AIM OF THE TASK:
From the first line of the data down to the line bearing "Inside Conrad Osaka, dining", output every line exactly and include no pictures.

DATA BLOCK:
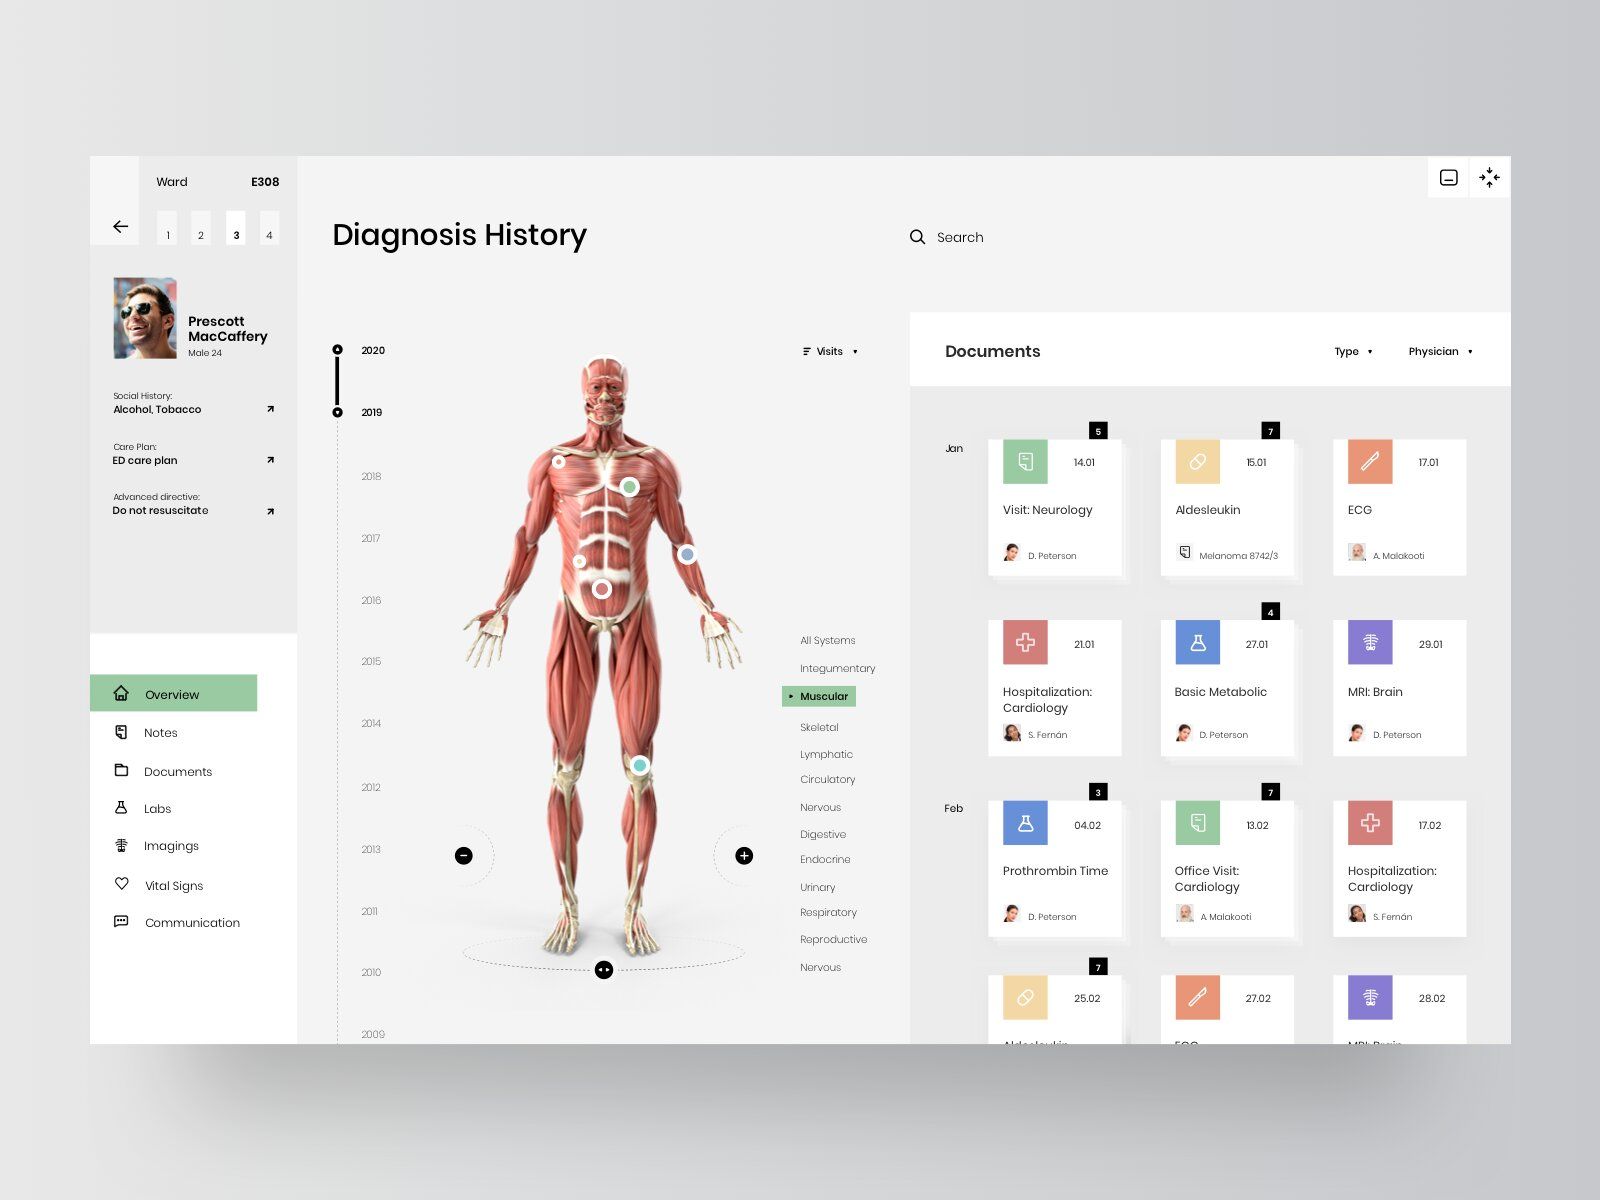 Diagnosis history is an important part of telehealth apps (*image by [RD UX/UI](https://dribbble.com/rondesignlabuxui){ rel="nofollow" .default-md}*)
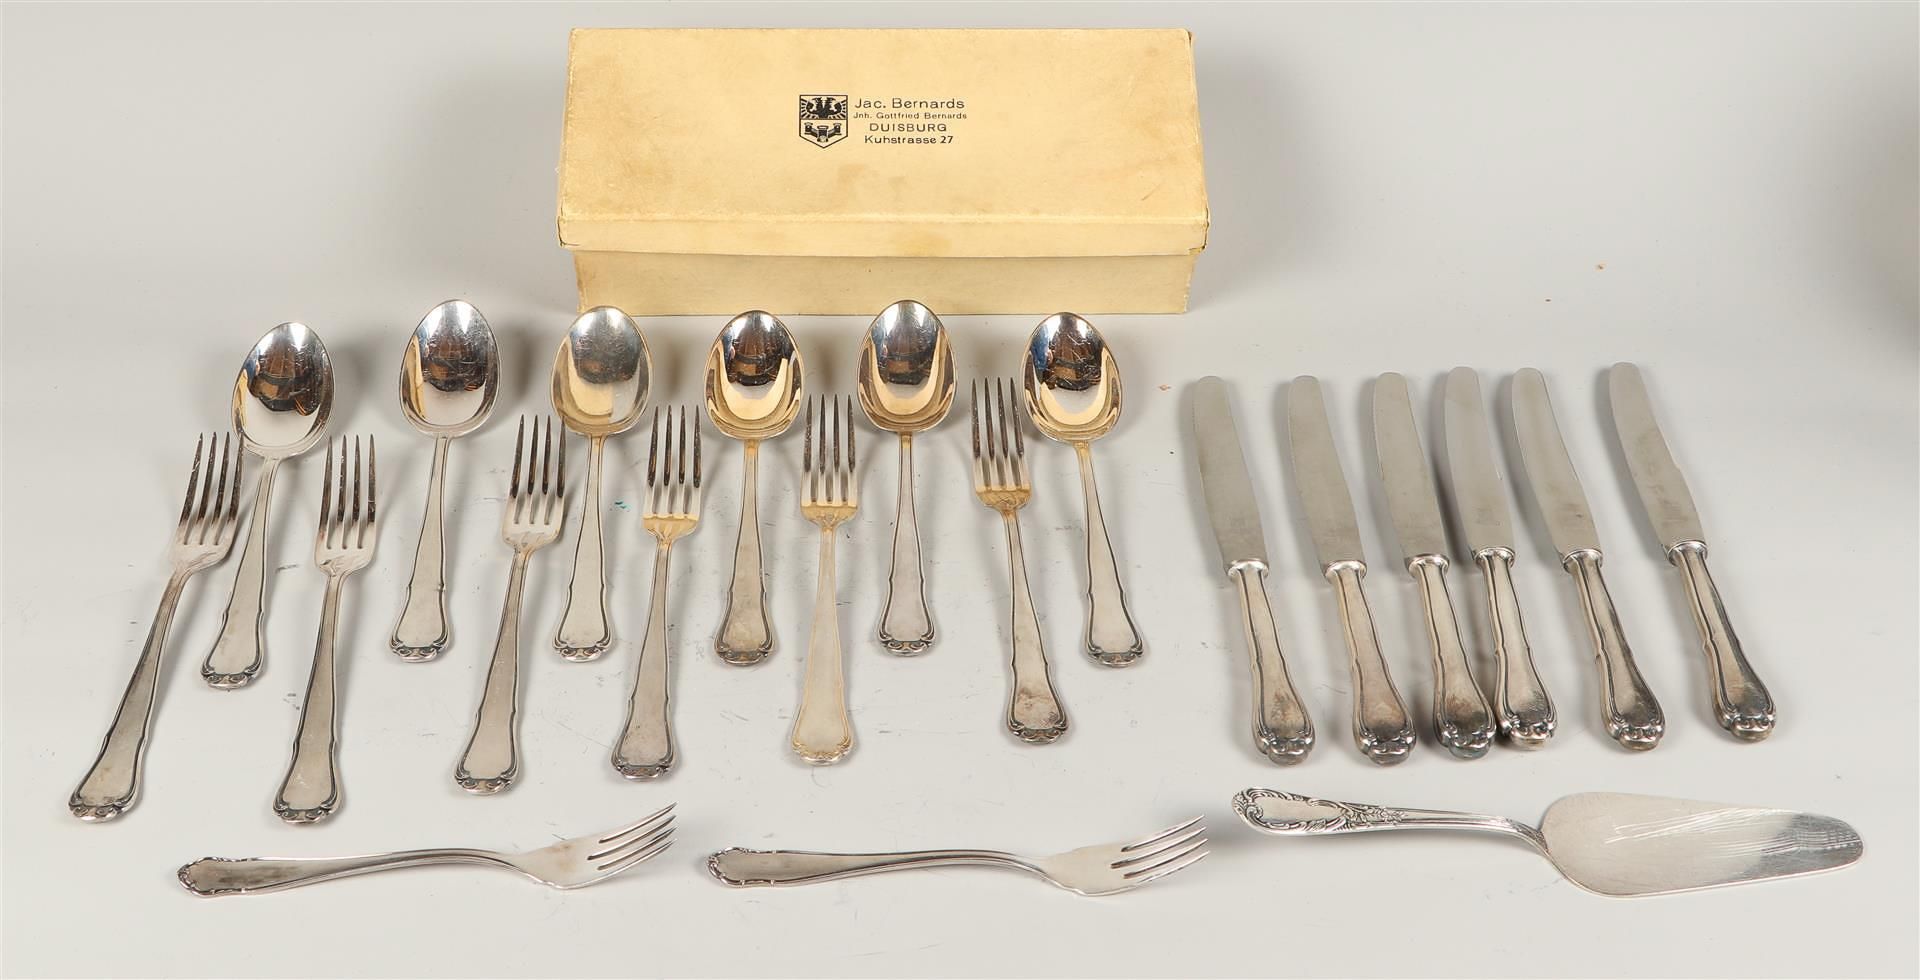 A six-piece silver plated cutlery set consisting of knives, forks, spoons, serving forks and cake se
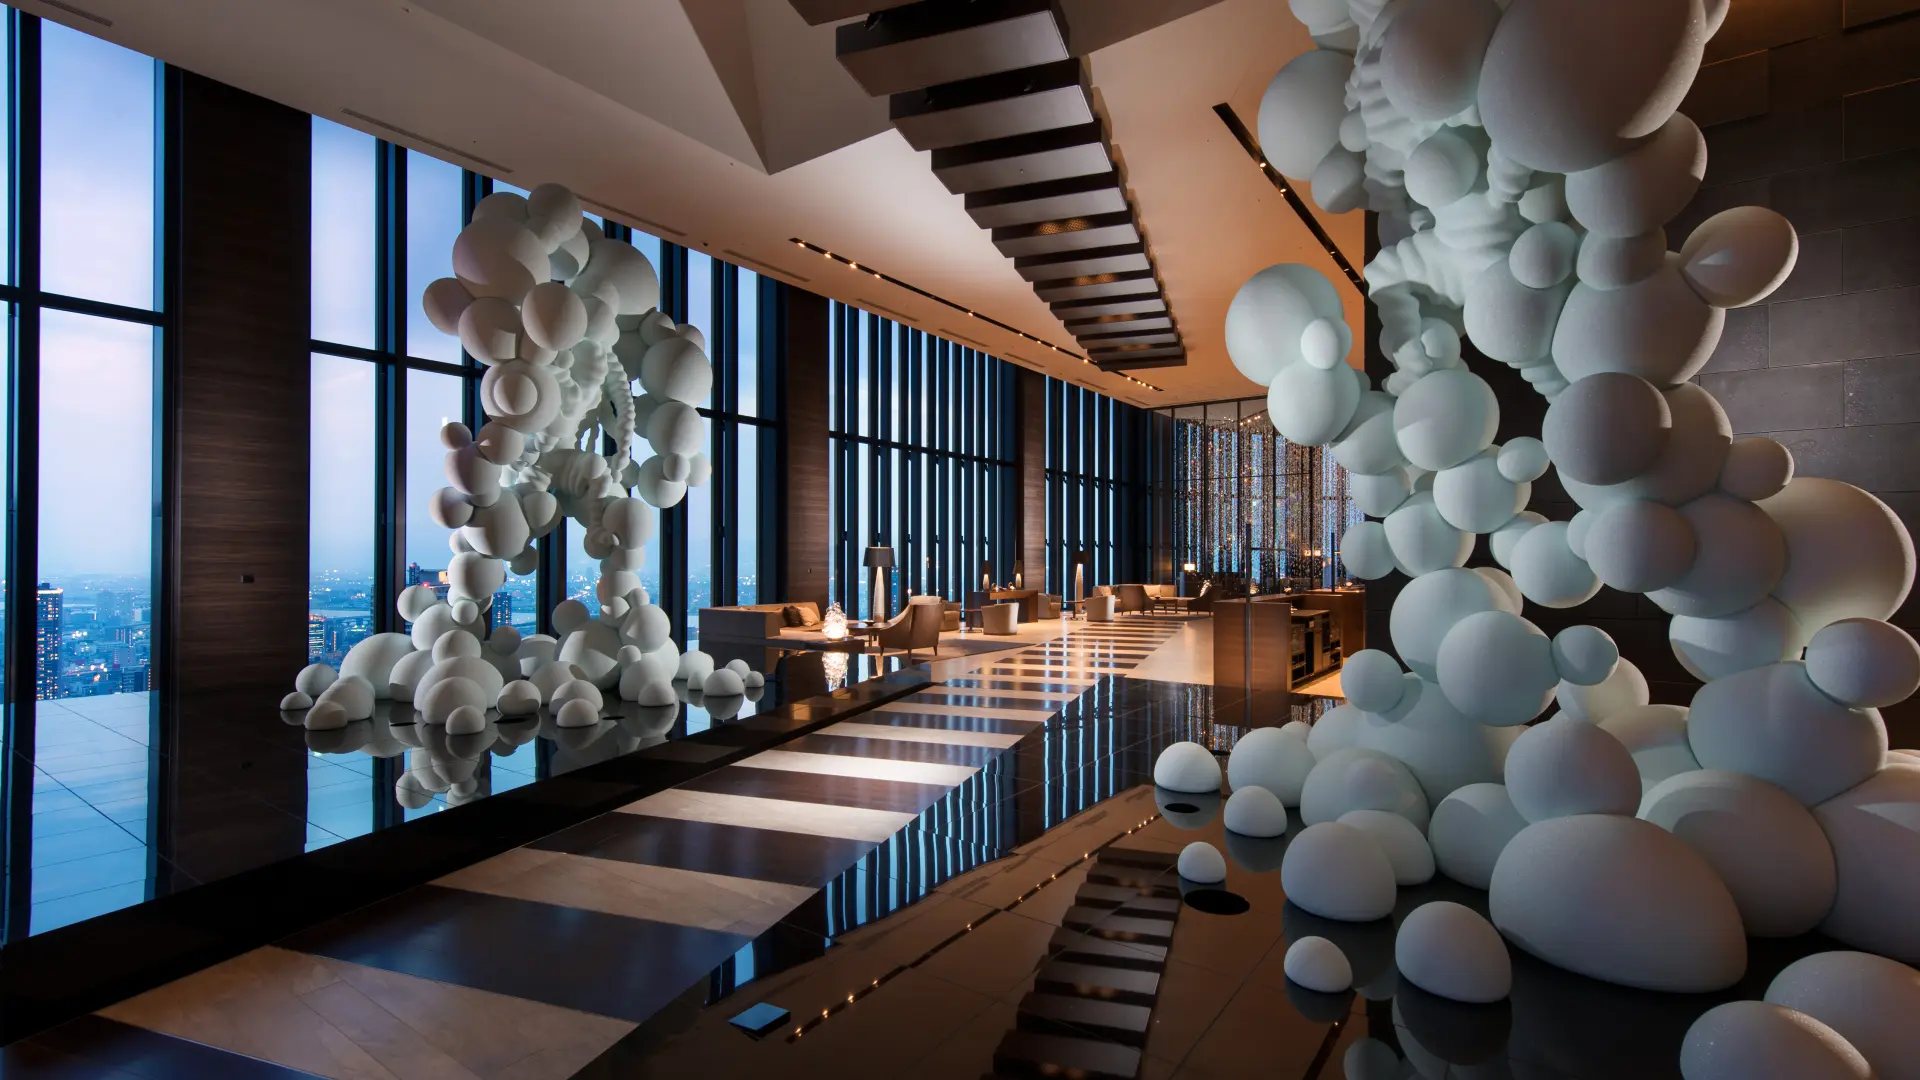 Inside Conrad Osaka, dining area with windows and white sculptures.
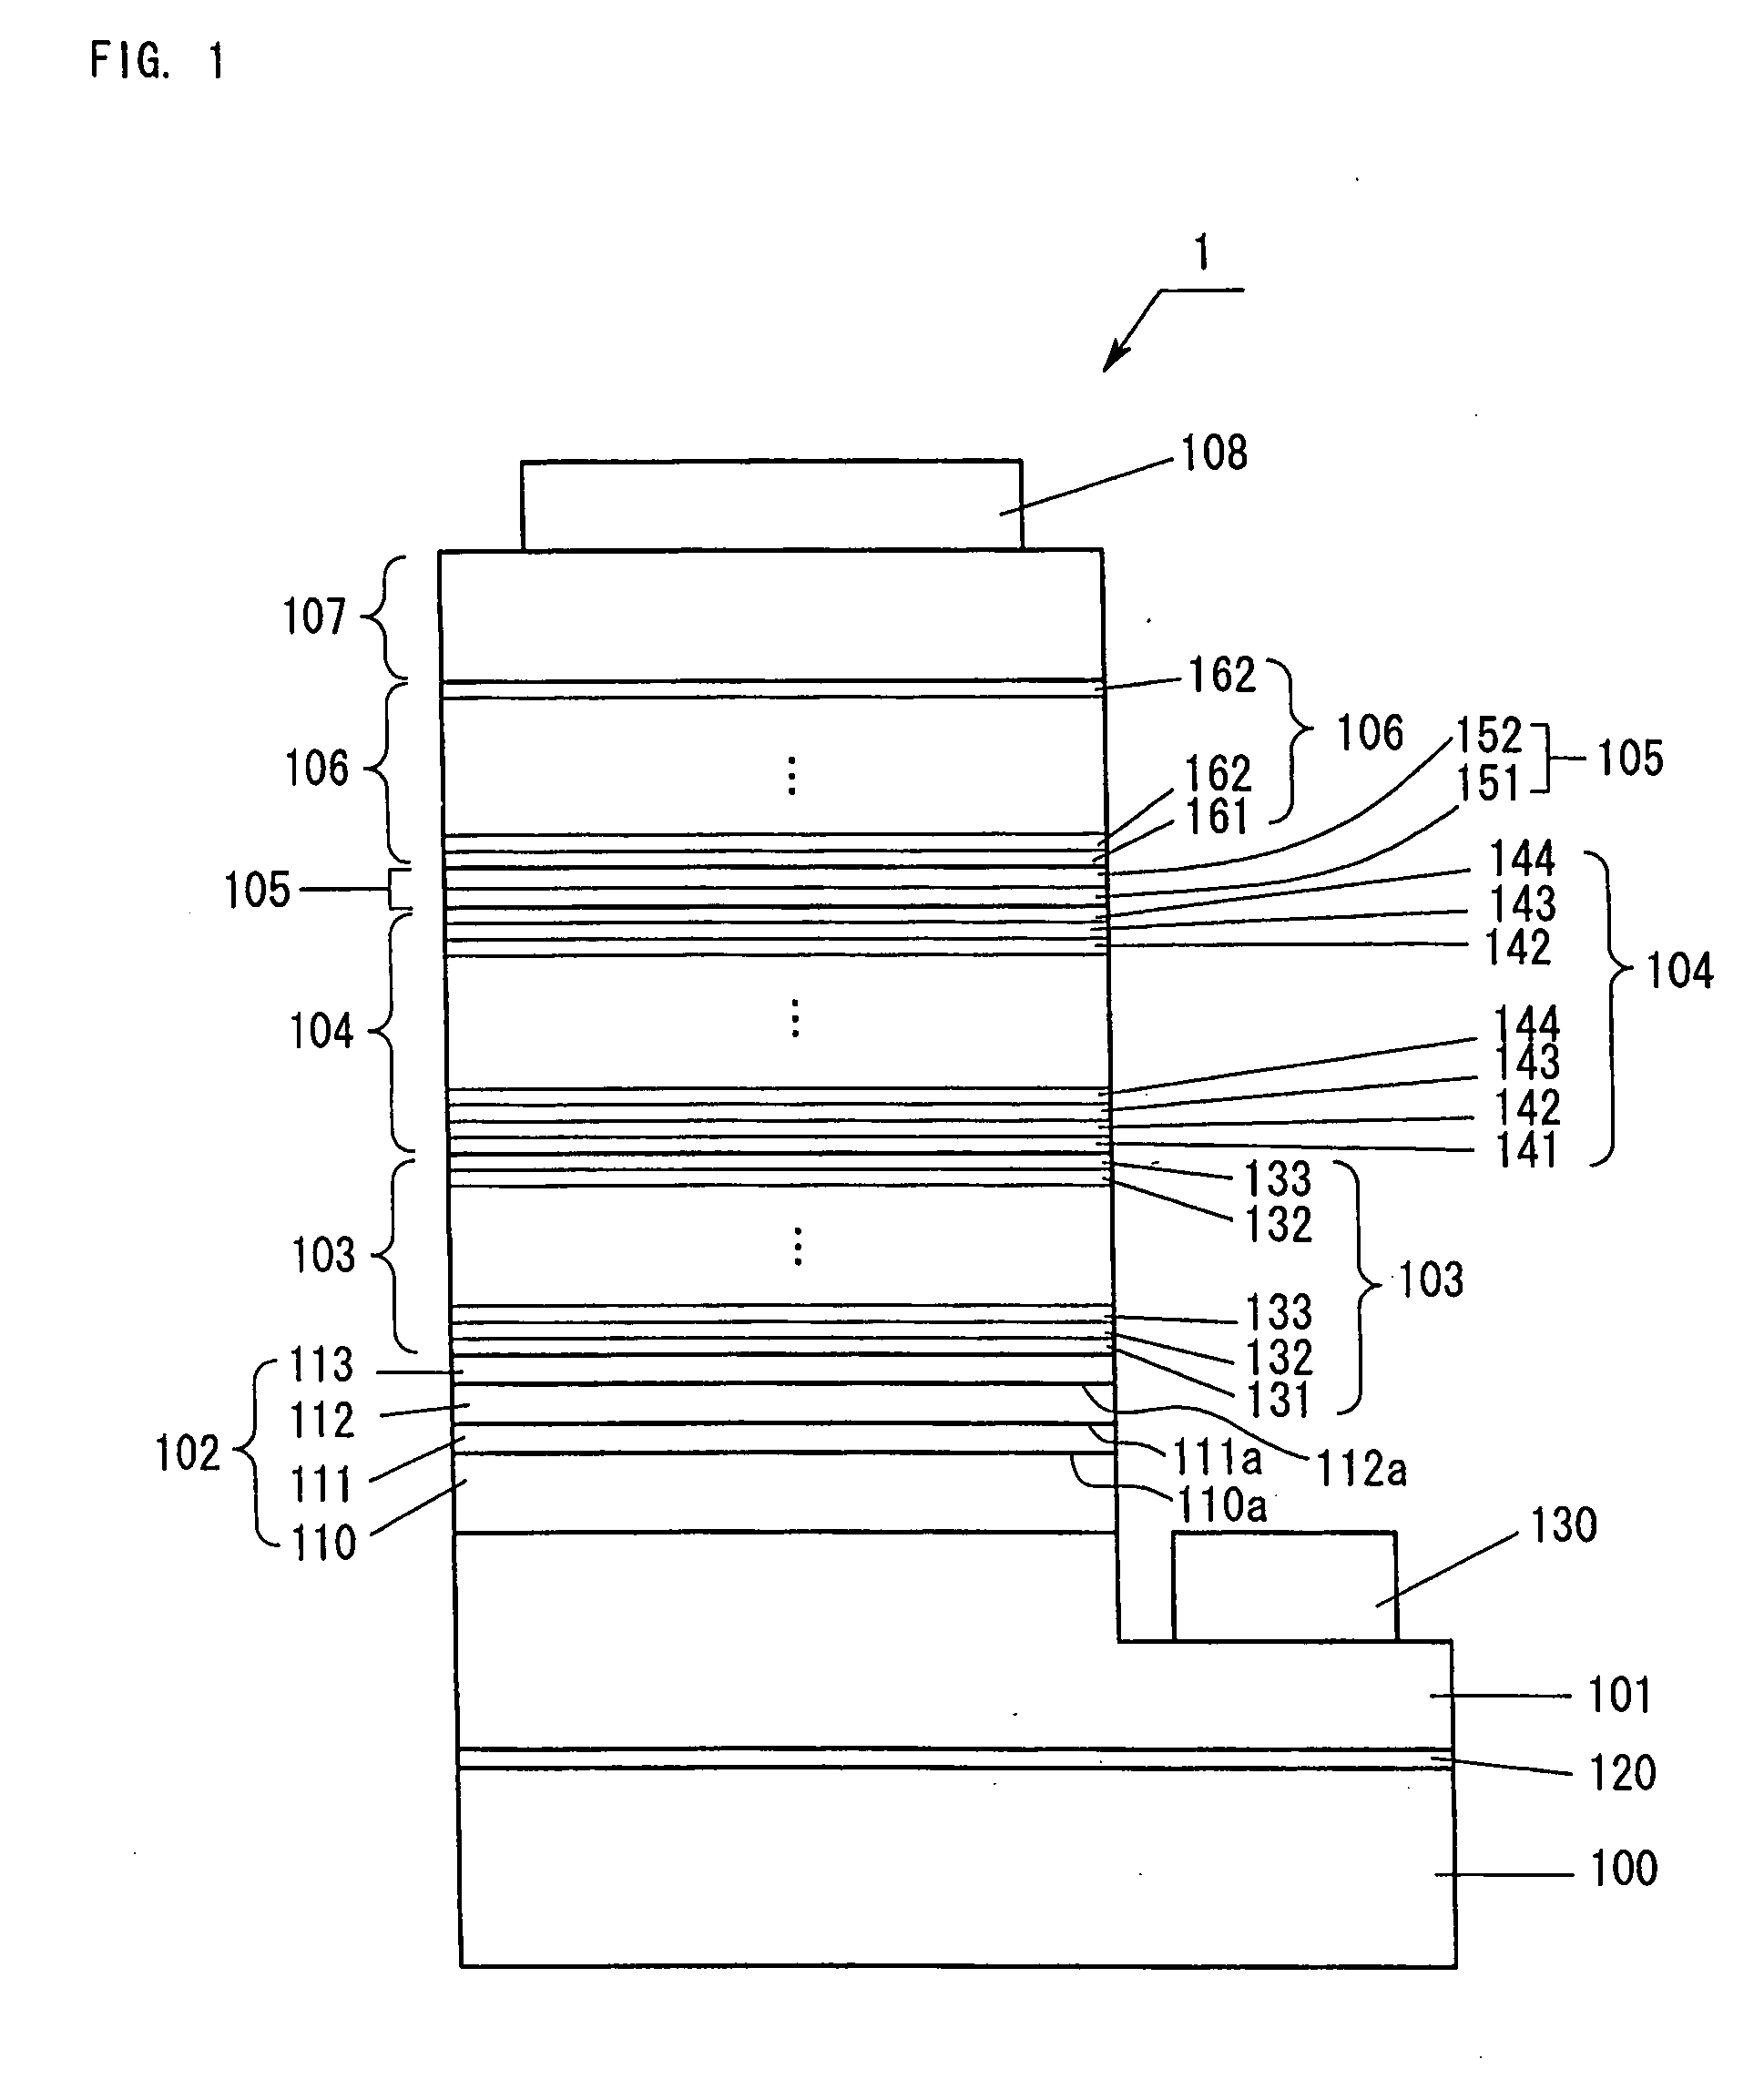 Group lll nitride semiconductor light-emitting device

WRITTEN ANSWER:
 Diagnosis history is an important part of telehealth apps (*image by [RD UX/UI](https://dribbble.com/rondesignlabuxui){ rel="nofollow" .default-md}*)
 A six-piece silver plated cutlery set consisting of knives, forks, spoons, serving forks and cake se
 Inside Conrad Osaka, dining area with windows and white sculptures.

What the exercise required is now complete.